Я ничего не отвечал. Когда мы взошли, я рассказал обо всем Аталыку. — «Ты дурно сделал, — сказал он, — что взошел в саклю этой женщины: тот, кто стрелял по тебе, видел это и он скажет об этом ее мужу и вместо одного врага у тебя будет два». Так и случилось. Стрелявший (это был Хурт, рана которого уже зажила) сказал Масдагару, хозяину сакли, где я ночевал, что я провел целую ночь с его женой, и они вдвоем решились убить меня. Мне нельзя было оставаться в ауле, и Аталык уговорил меня уйти. — «Куда же ты пойдешь?» — спросил он, когда я согласился послушаться его совета. — «Опять за реку, к пластунам», — отвечал я. Тогда Аталык напомнил мне одну вещь, которой я еще не рассказывал тебе. Раз я сидел подле него; он, казалось, спал, прислонясь головой к стене, свернувшись как кошка, Удилина сидела в углу и тоже спала. Я долго смотрел на ее хорошенькое личико с закрытыми глазками и полуоткрытым ртом; сонная она мне показалась еще лучше, чем обыкновенно. Я не вытерпел, подошел к ней на цыпочках и поцеловал ее в лоб, она не проснулась, а только глубоко вздохнула, как будто хотела сказать что-то. — «Ты думал, что я спал, — говорил мне Аталык, — но я все видел. Утром, когда ты ушел с своей птицей, я рассказал это Удилине; она покраснела. После несколько дней, всякий раз, когда она бывало печально взглянет на тебя, то вся покраснеет; она старалась не глядеть на тебя, не говорить с тобой и никогда не засыпала при тебе. Ты ничего не видел, а я все знал: я догадался, что она любит тебя. Не удивляйся, сын! Старые люди более знают, чем молодые; я много видал людей и говорю тебе: «Удилина любит тебя!» — Я не знал, что ответить ему. — «Женись на ней, — продолжал: старик. — Она хорошая девка, я буду любить ее, как дочь, и я, который всю свою жизнь, более 60 лет прожил сиротой, по крайней мере в последние годы буду иметь семейство; когда я умру, вы похороните меня как следует». — «Но мне не отдадут Удилины, — сказал я. — Ты забыл, что я не магометанин, я гяур!» — «Так сделайся магометанином», — отвечал Аталык.

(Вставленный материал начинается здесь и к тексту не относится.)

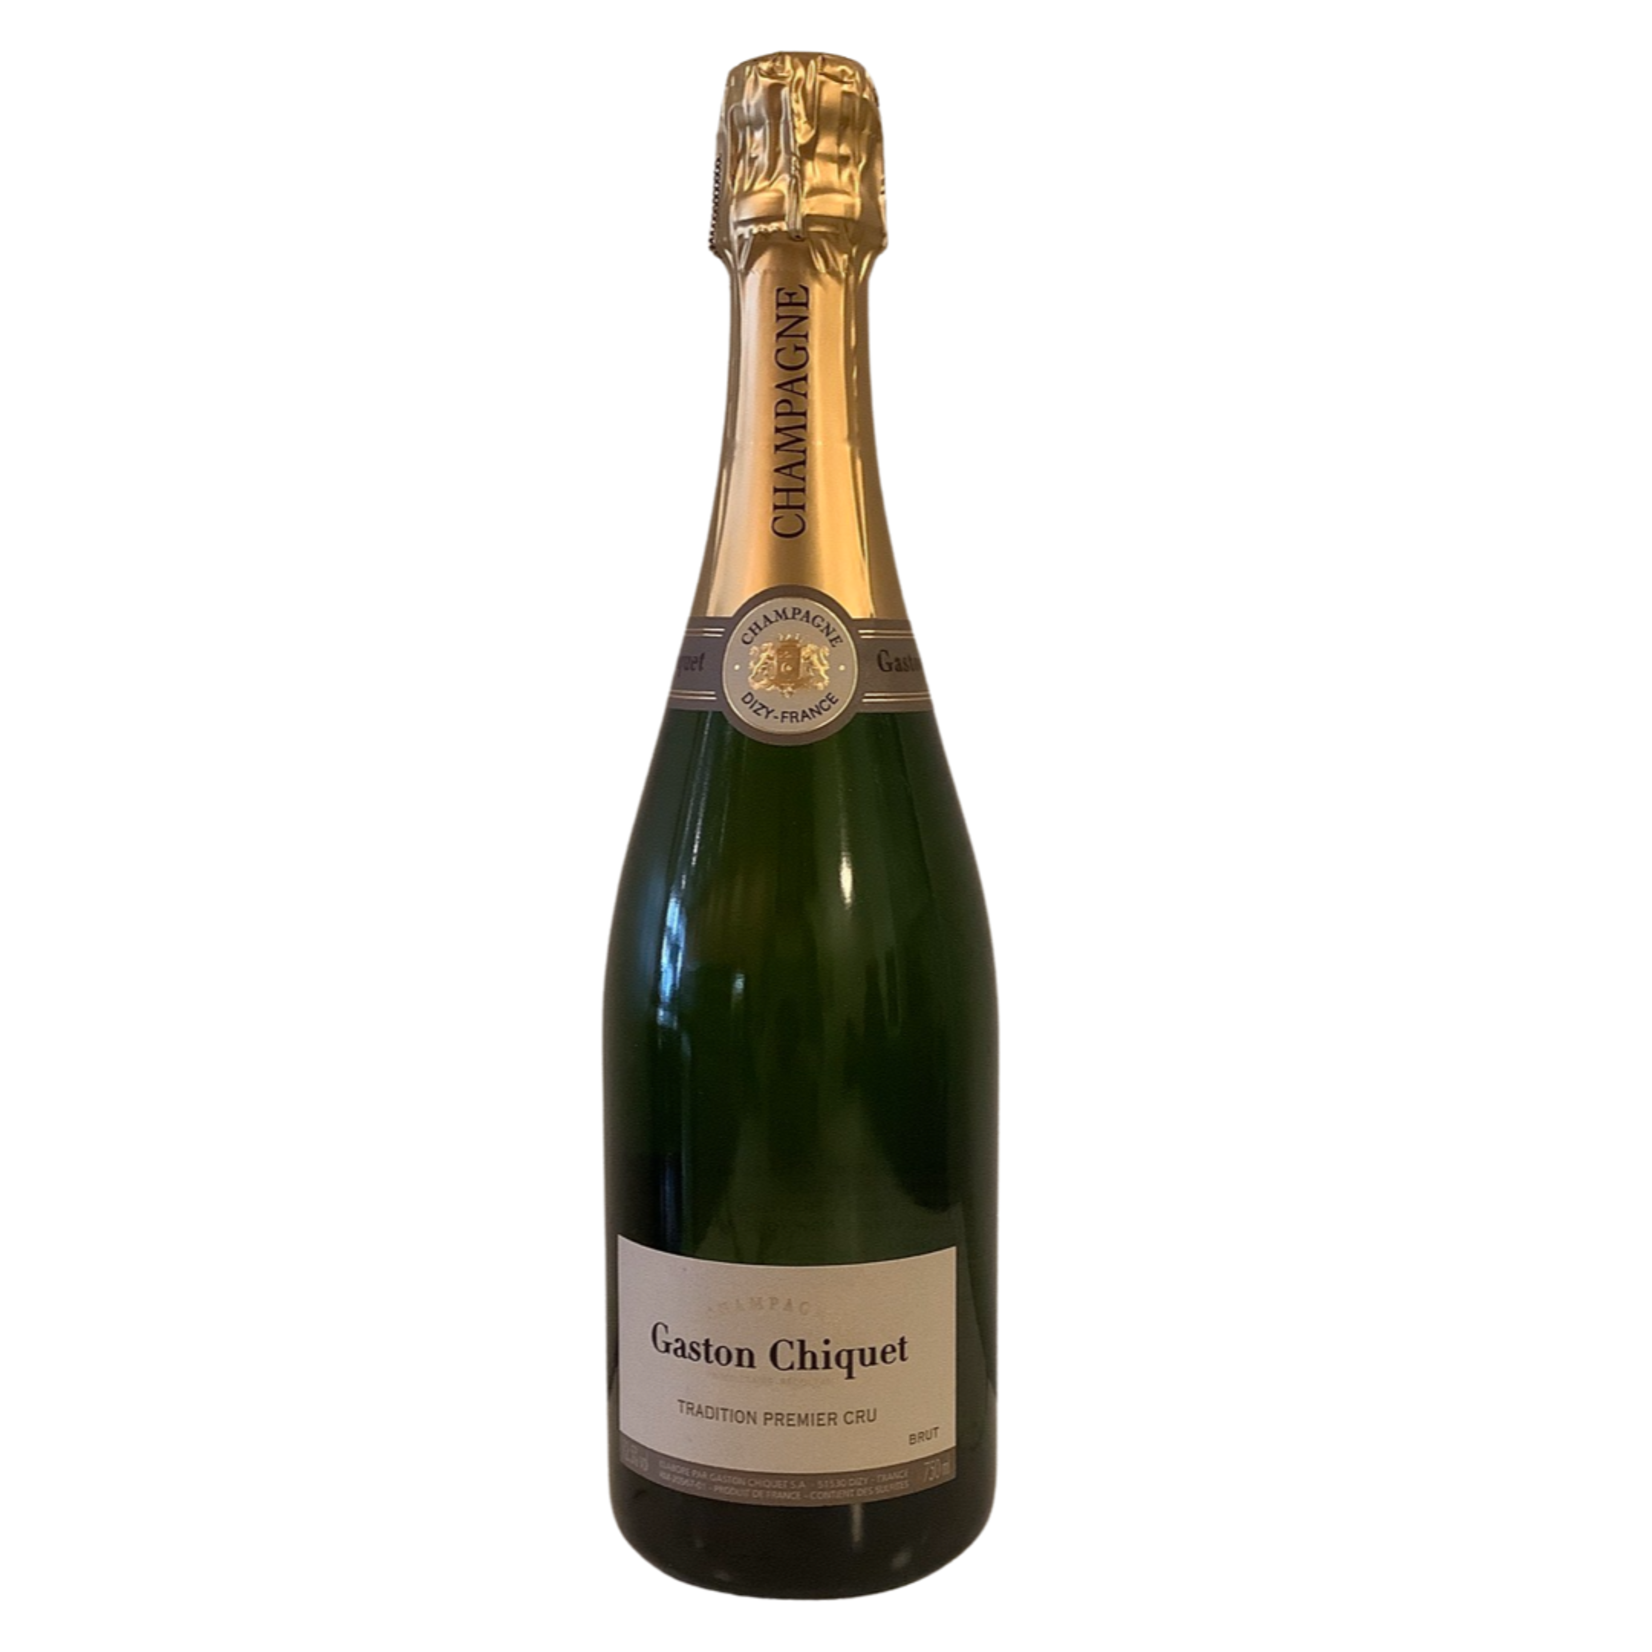 NV Gaston Chiquet Tradition Premier Cru Champagne, Dizy | France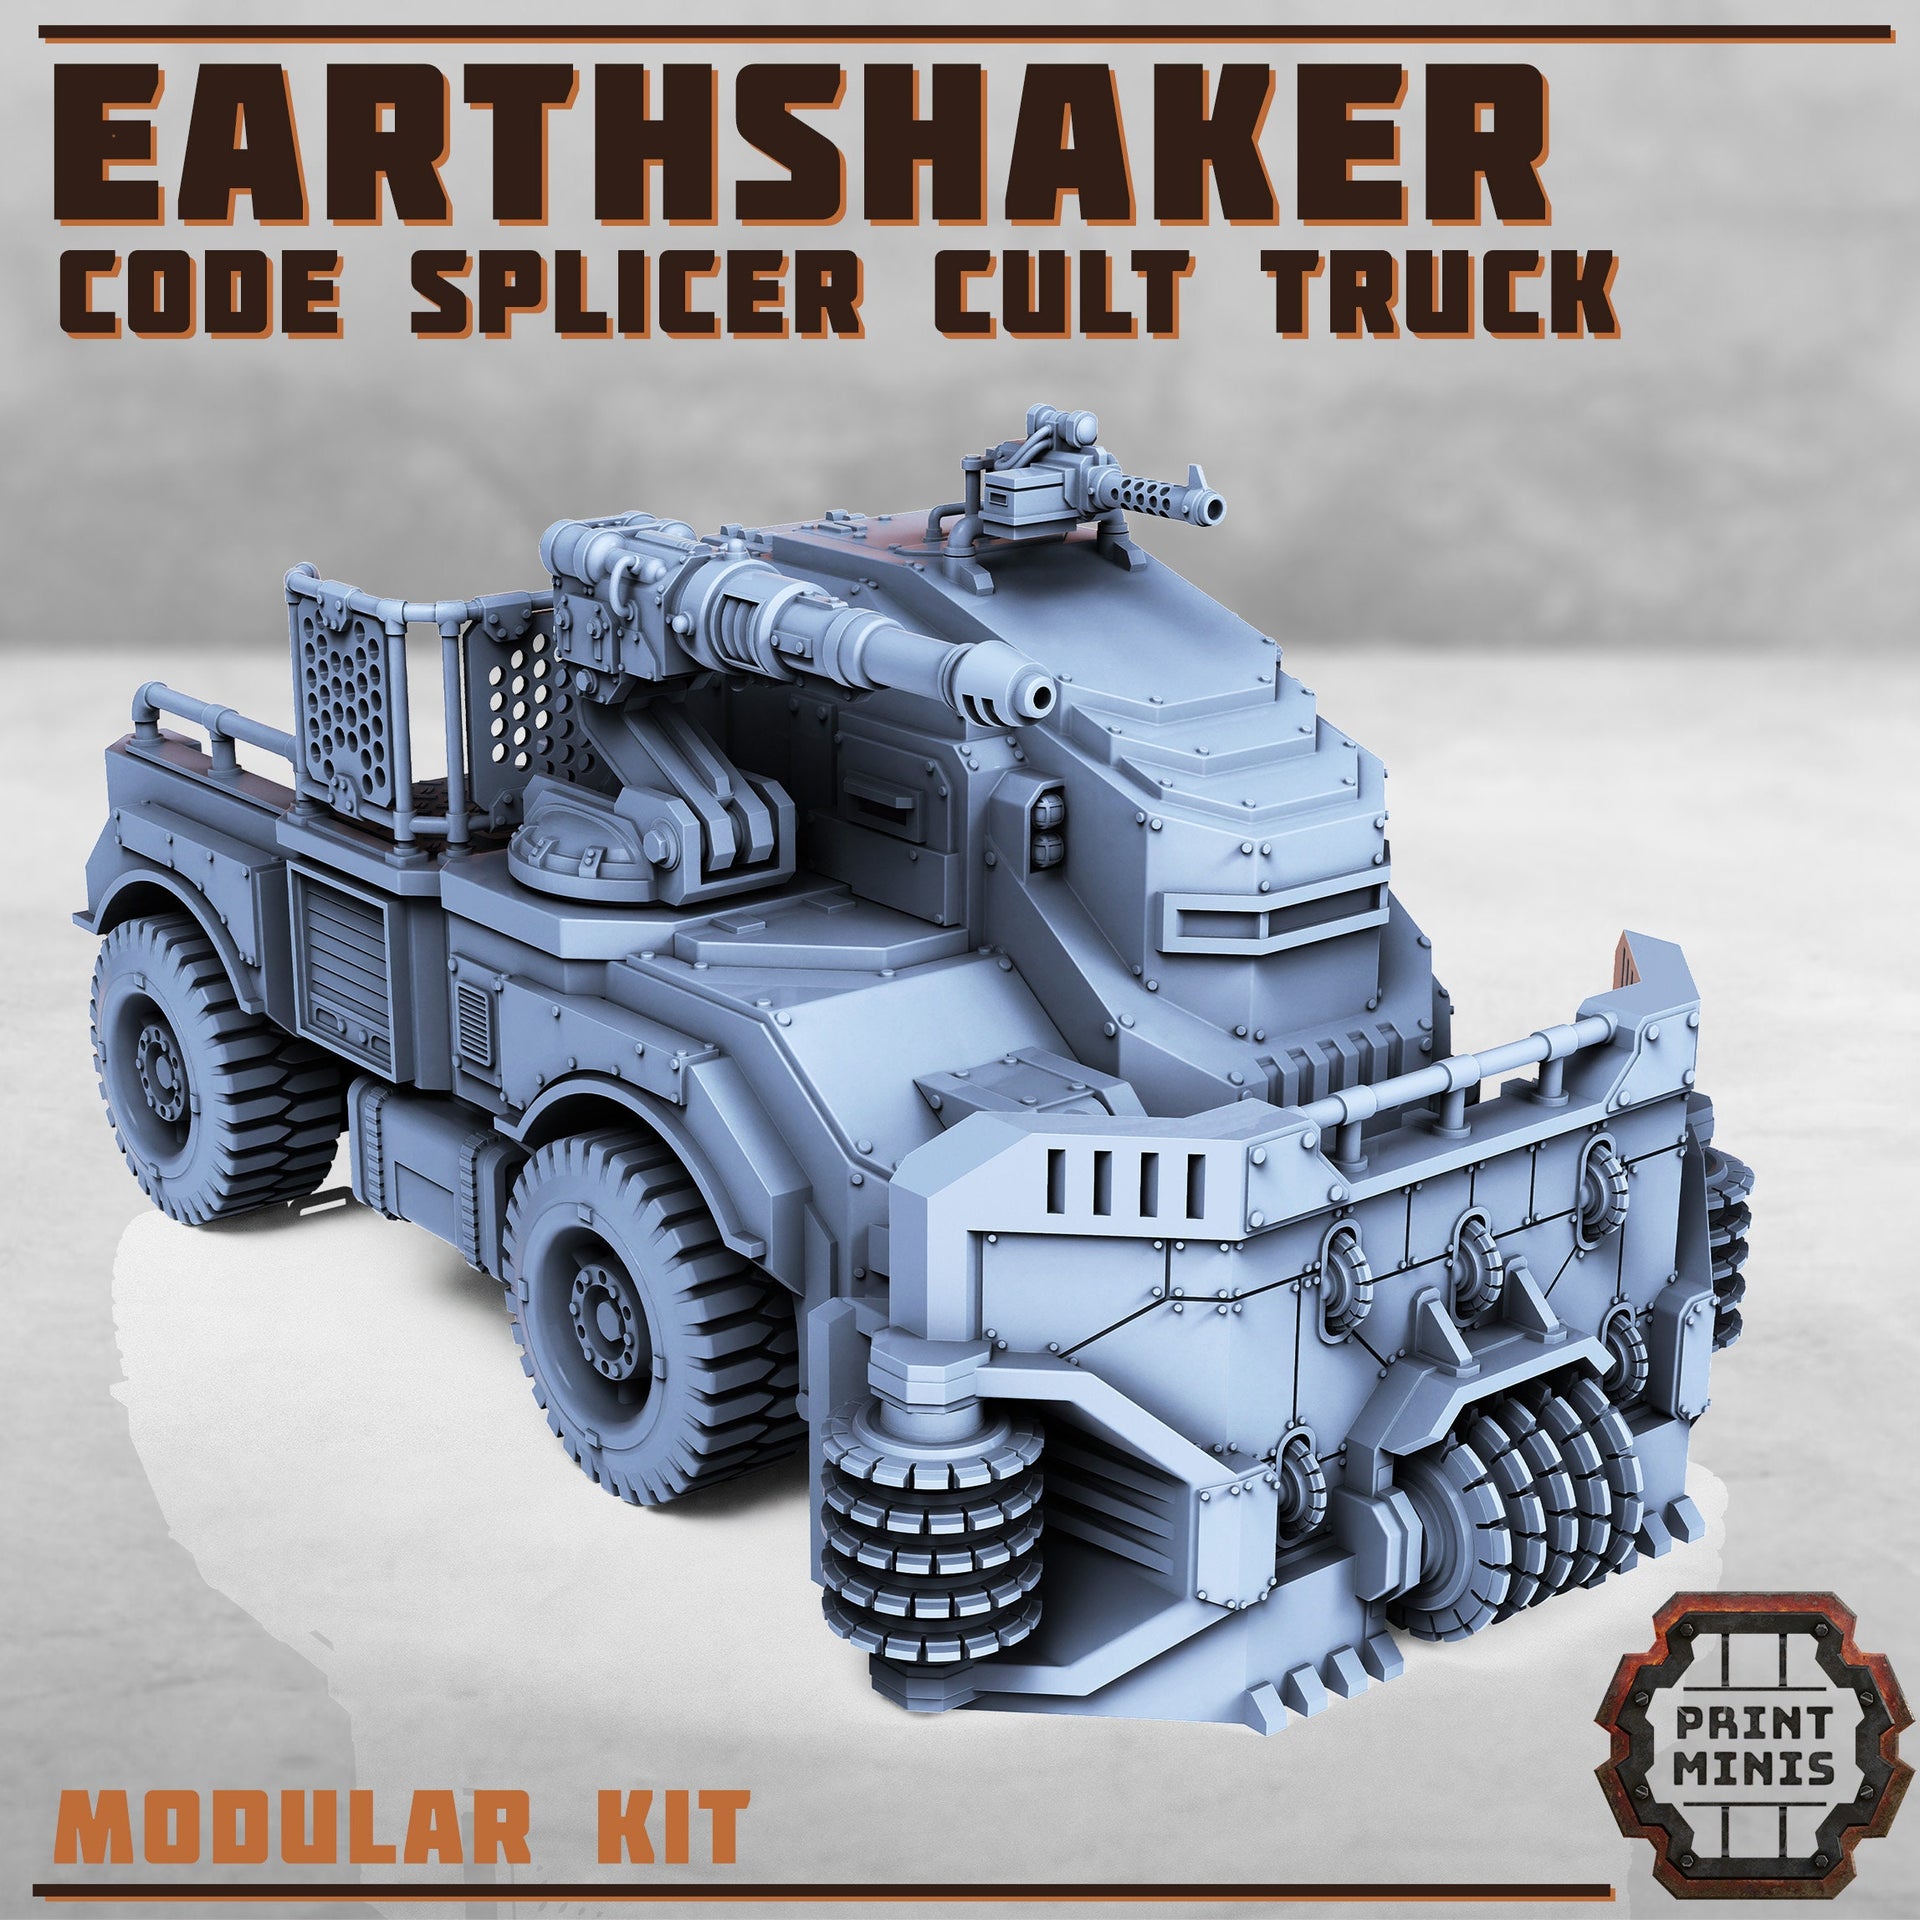 Earthshaker Truck, - Print Minis | Sci Fi | Tank | Crawler | Codesplicer Cult | Cultist | Mining

Мысль, что я могу сделаться татарином, что я могу жениться, иметь жену, детей, как и другие, никогда до сих пор не приходила мне в голову. Мне было все равно, буду ли я магометанином или христианином, придется ли мне жить с русскими или с татарами, на той или этой стороне реки. Нигде в целом мире у меня не было родного, не было человека, который любил бы меня. Я задумался. Удилина была прекрасная девка, она любила меня. Аталык уговорил меня. Он должен был вместе с нами бежать в горы. Родители Удилины тоже соглашались. Я просил, чтобы мне дали время обдумать. Чтобы более убедить меня, Аталык рассказывал мне про моего отца, который жил и умер в горах. Я почти решился и даже согласился, чтобы послали за муллой, который должен был меня учить, в чем состоит их вера. Этот мулла был почтенный человек; он был вместе с тем и старшиной Трамдинского аула.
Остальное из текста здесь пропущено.